Read Call if You Need Me: The Uncollected Fiction and Other Prose Page 3


  After Sol and Bonnie both left, he sat in the living room with his feet on the coffee table and drank instant coffee while he read the newspaper from the evening before. Once in a while his hands trembled and the newspaper began rattling in the empty house. Now and then the telephone rang, but he never made a move to answer it. It wasn’t for him, because nobody knew he was here.
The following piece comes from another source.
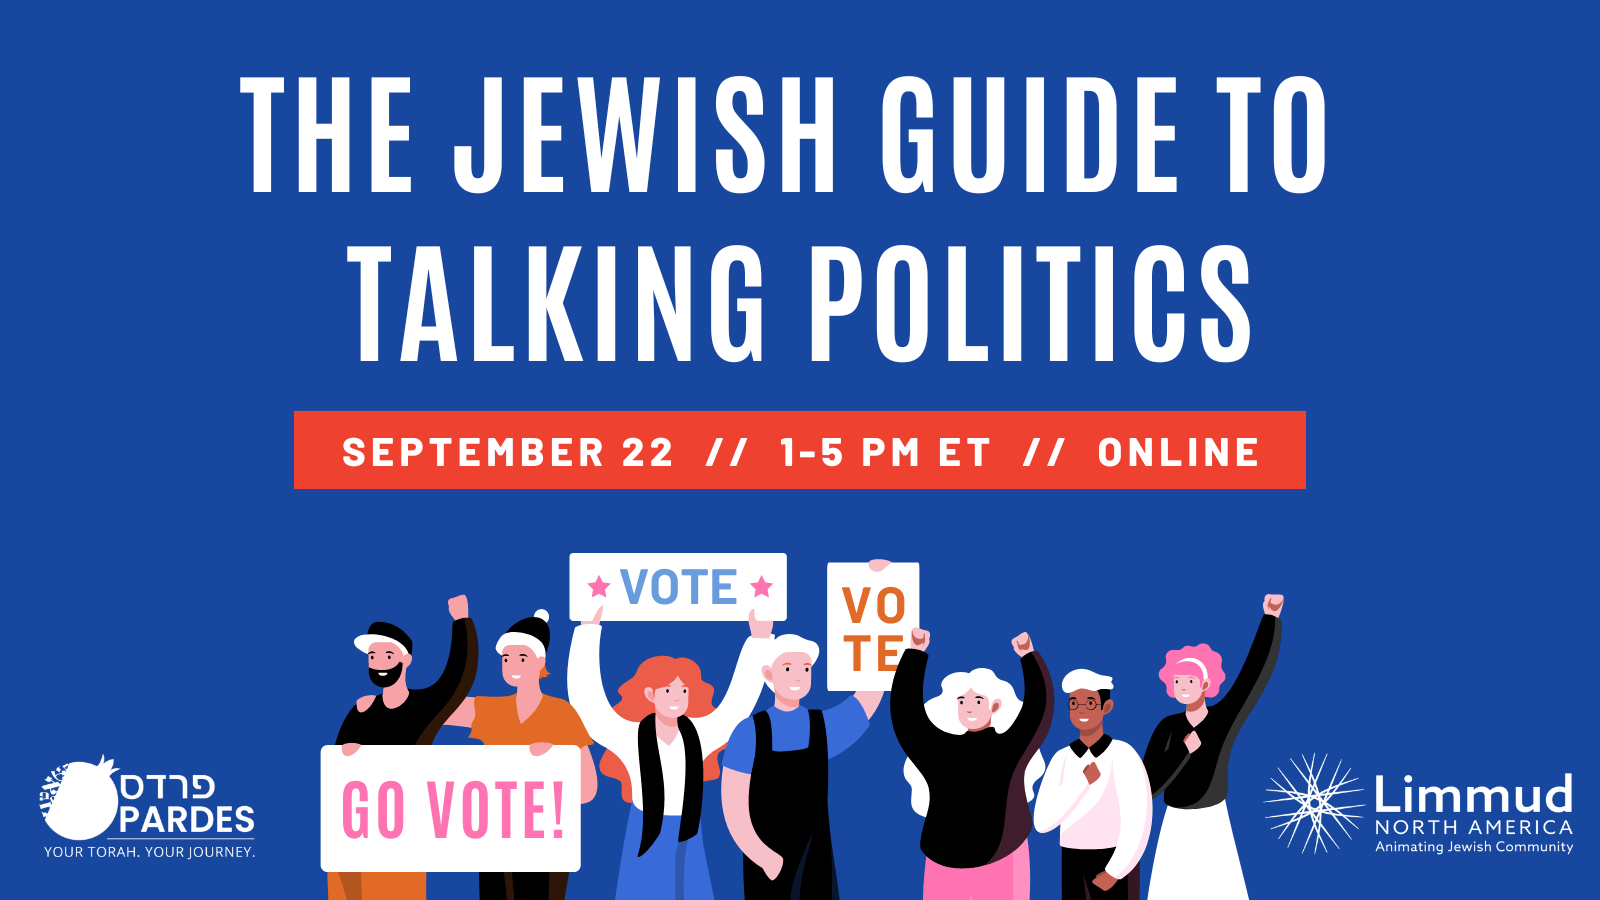 The Jewish Guide to Talking Politics

  Through his window at the rear of the house he could see up the valley to a series of steep mountain peaks whose tops were covered with snow, even though it was August. Lower down on the mountains, timber covered the slopes and the sides of the valley. The river coursed down the valley, frothing and boiling over rocks and under granite embankments until it burst out of its confines at the mouth of the valley, slowed a little, as if it had spent itself, then picked up strength again and plunged into the ocean. When Sol and Bonnie were gone, Myers often sat in the sun in a lawn chair out back and looked up the valley toward the peaks. Once he saw an eagle soaring down the valley, and on another occasion he saw a deer picking its way along the riverbank.

  He was sitting out there like that one afternoon when a big flatbed truck pulled up in the drive with a load of wood.

  You must be Sol’s roomer, the man said, talking out the truck window.

  Myers nodded.

  Sol said to just dump this wood in the backyard and he’d take care of it from there.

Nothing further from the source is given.